─── Source data ───
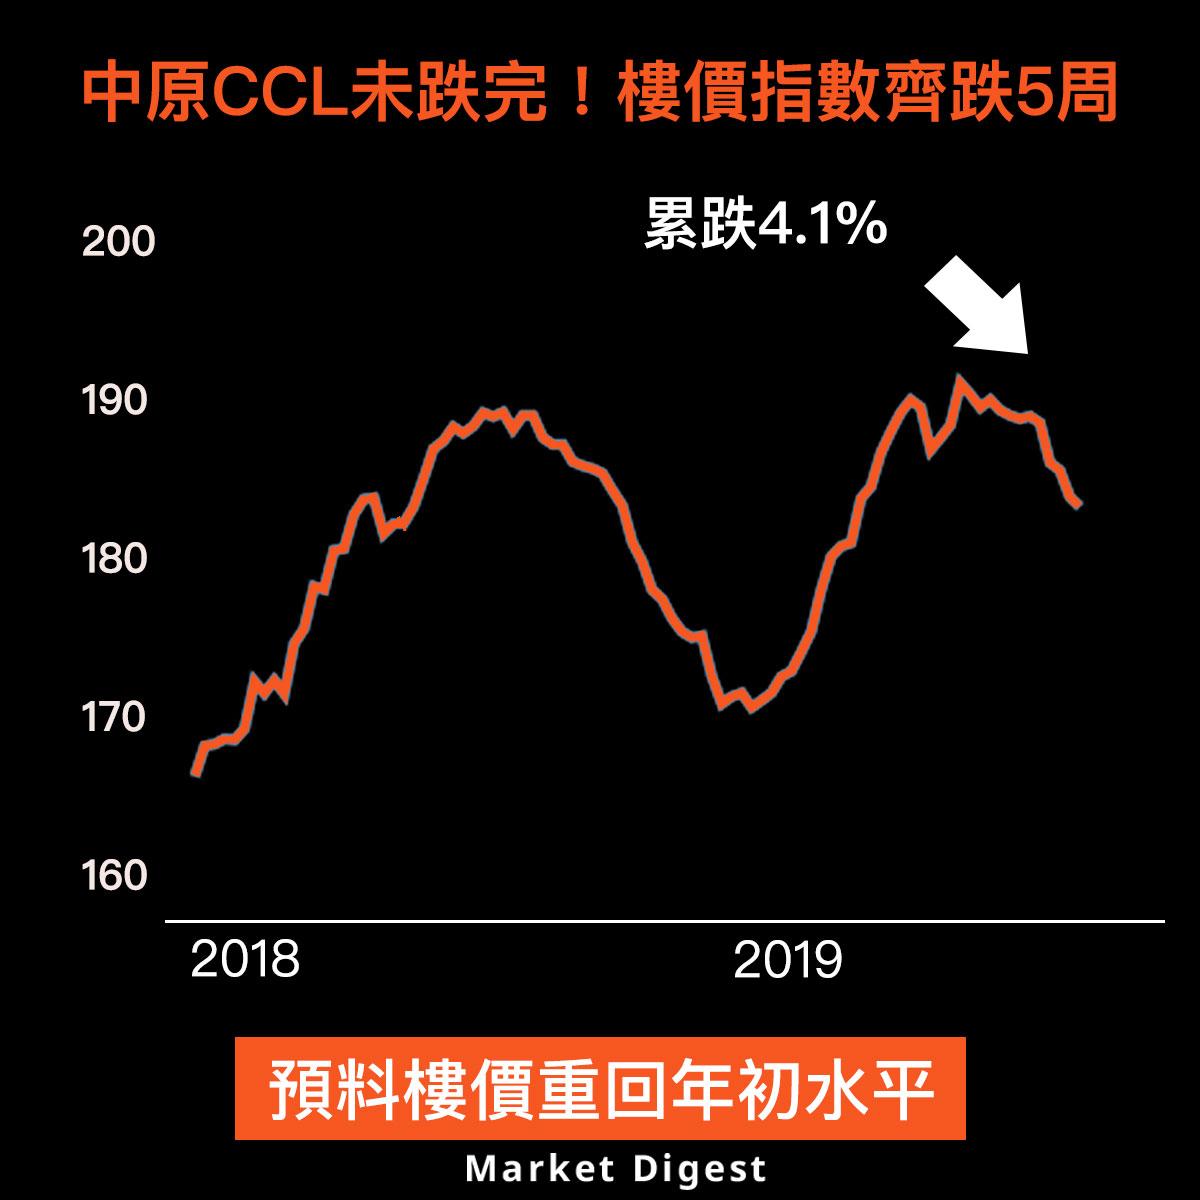 【樓市熱話】中原CCL未跌完!樓價指數齊跌5周
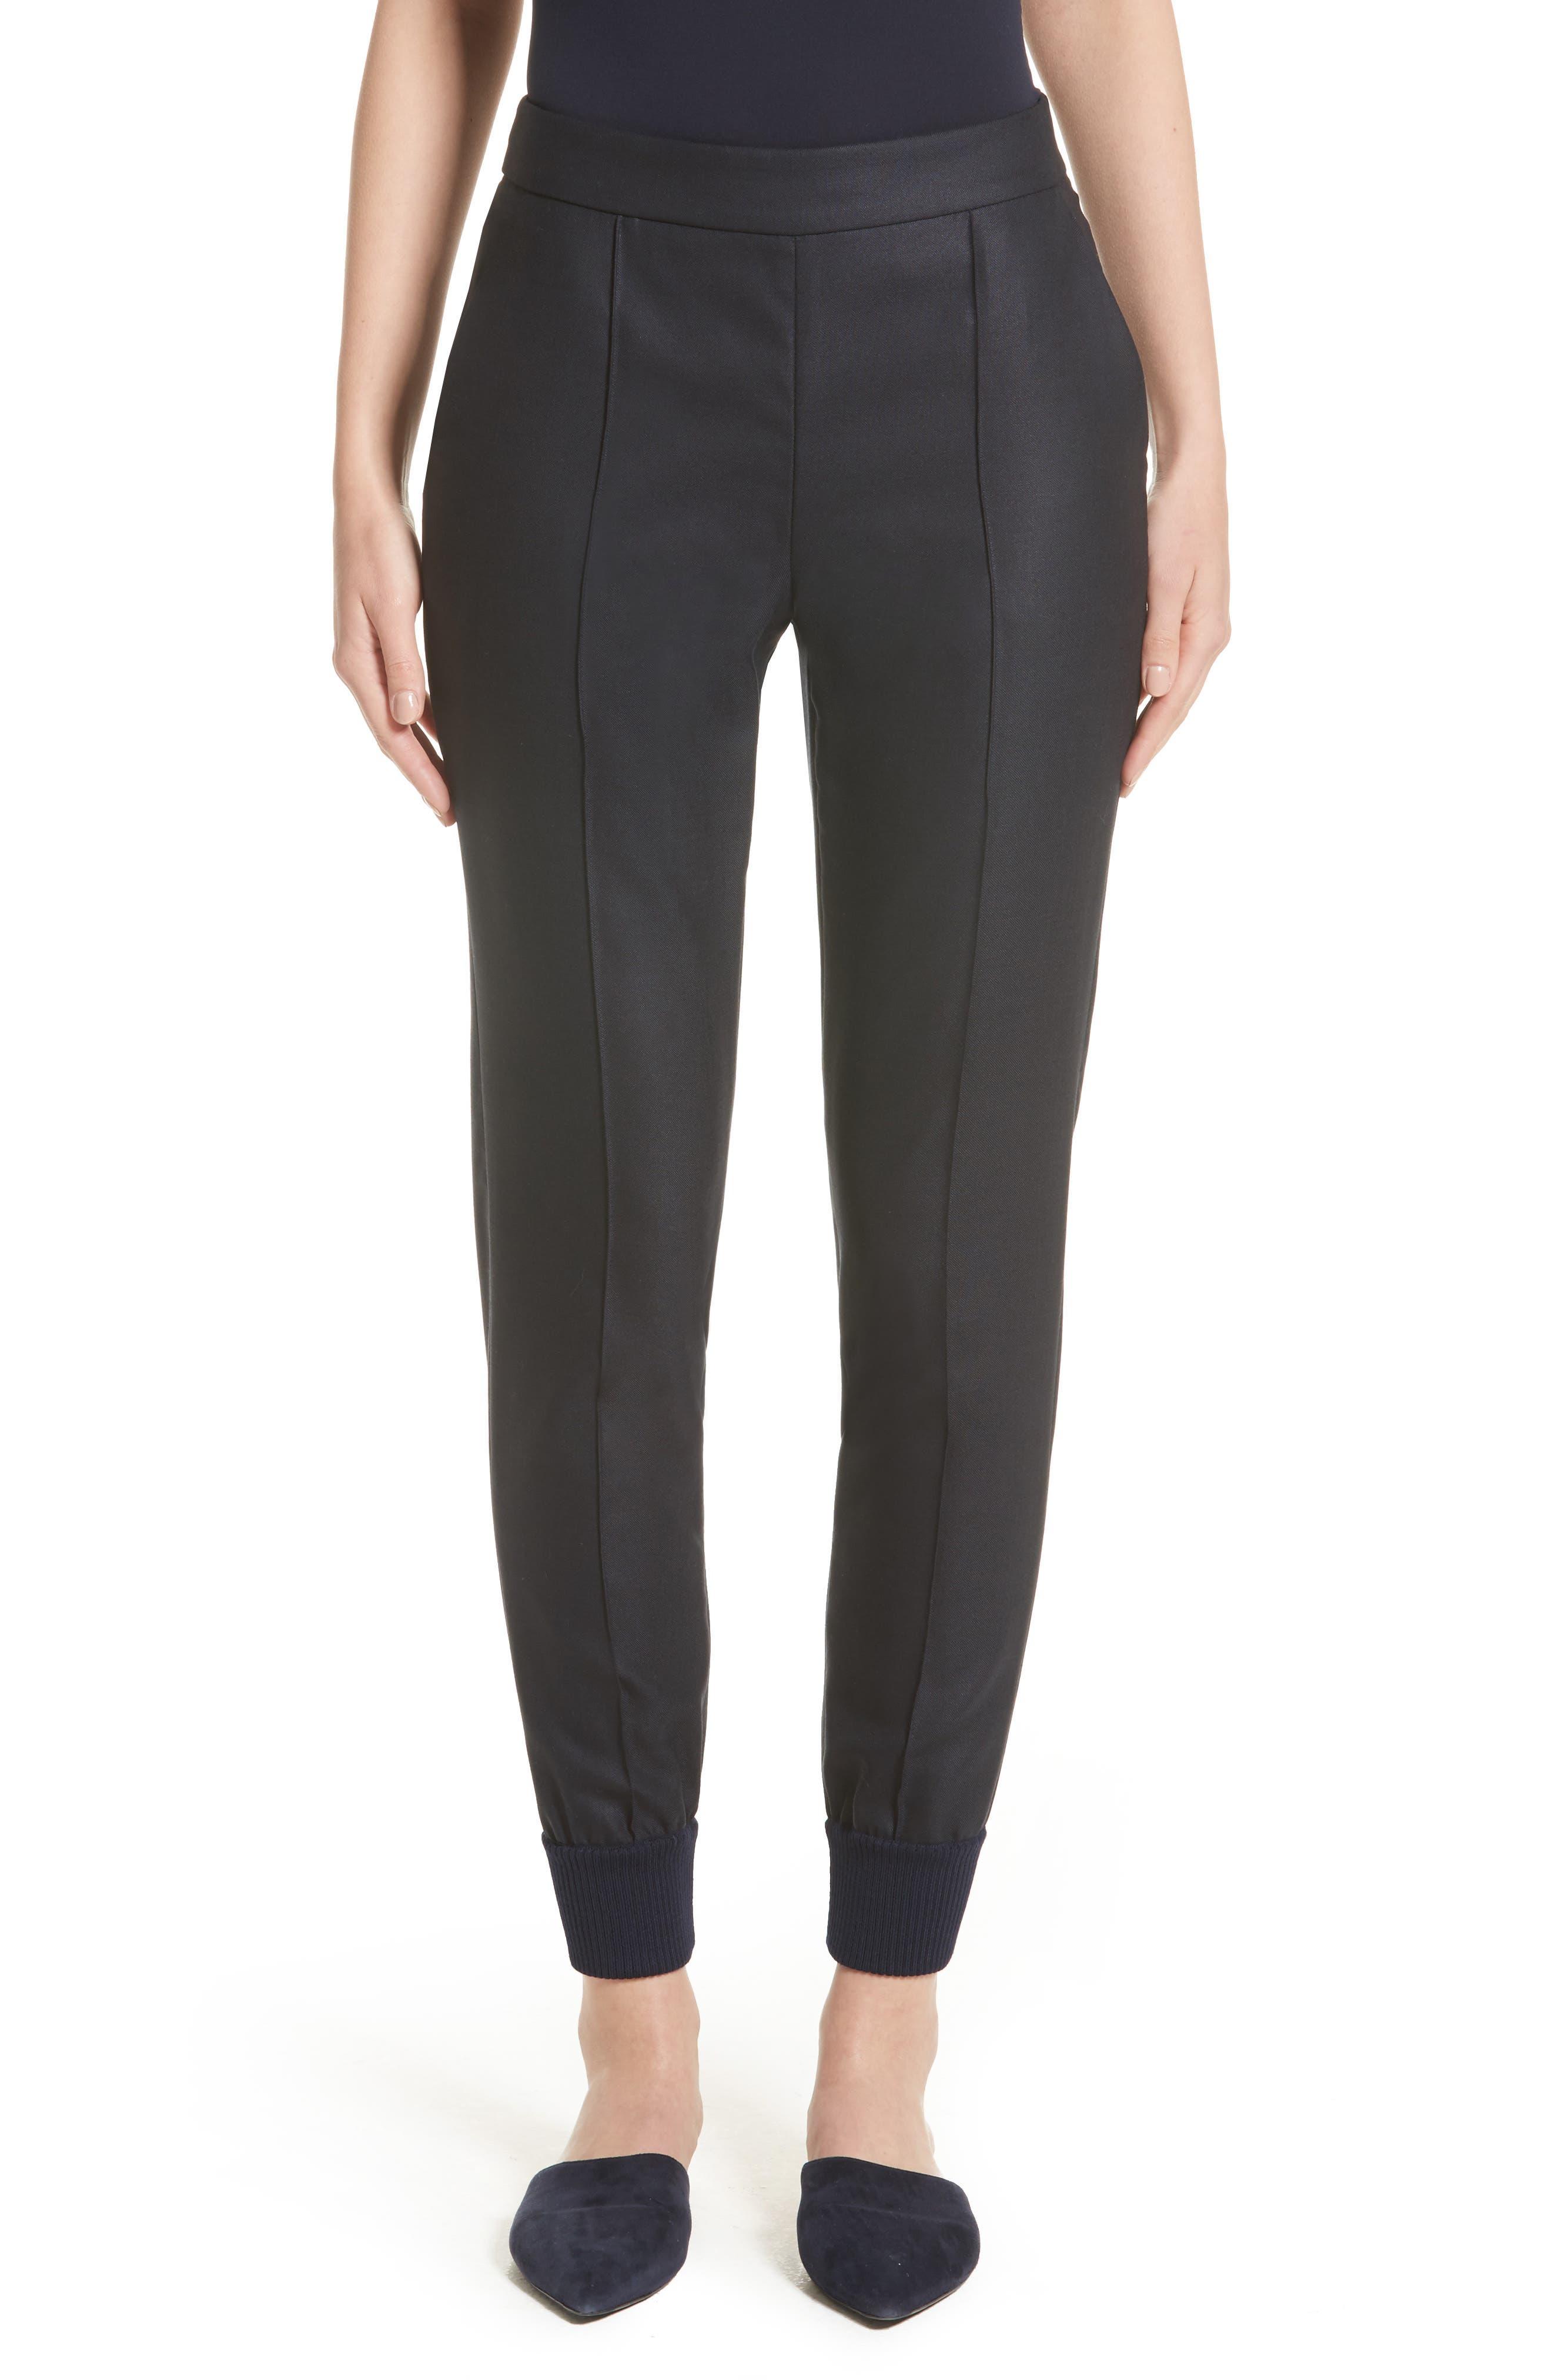 Main Image - St. John Collection Stretch Birdseye Skinny Pants
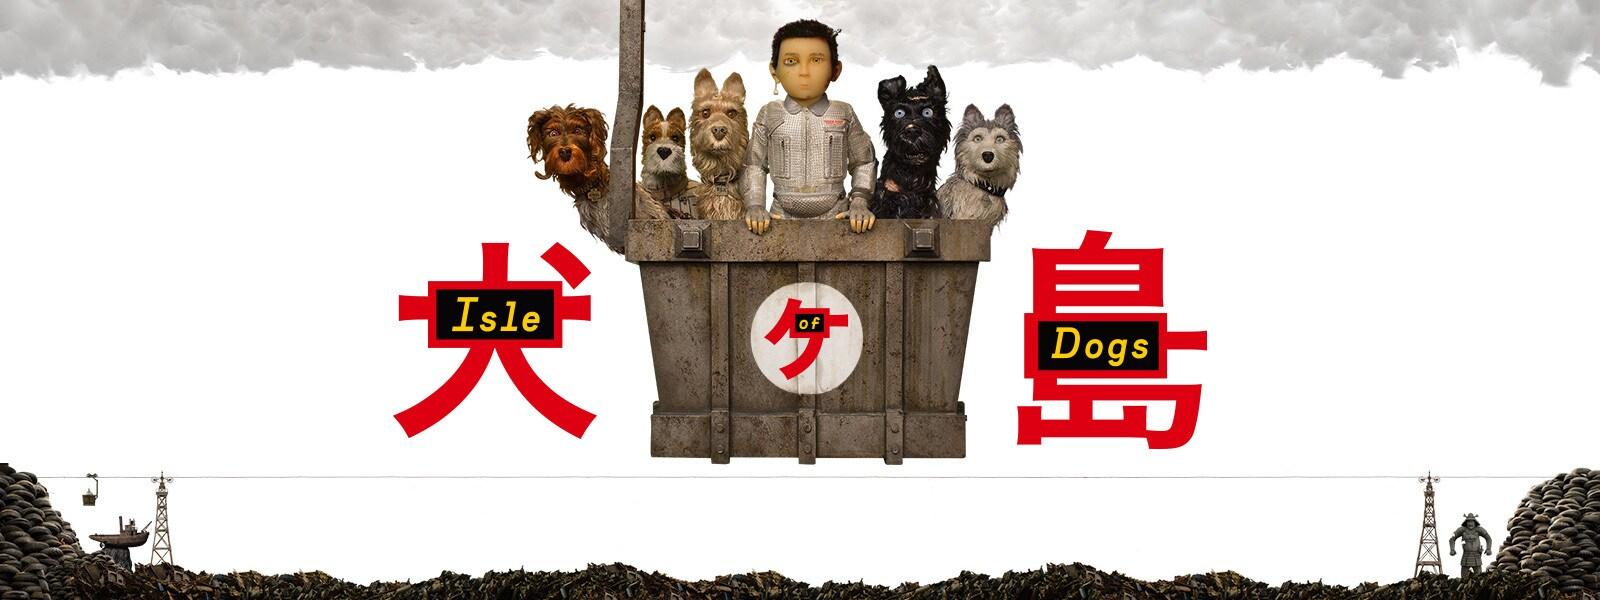 犬ヶ島 Isle of Dogs Hero Object
───
### About this task
Your task is to retype, exactly and only, the lines from the line holding "Main Image - St." through the final line of the data above, with both ends kept. Drop the pictures.

### Exercise solution
 Main Image - St. John Collection Stretch Birdseye Skinny Pants
 犬ヶ島 Isle of Dogs Hero Object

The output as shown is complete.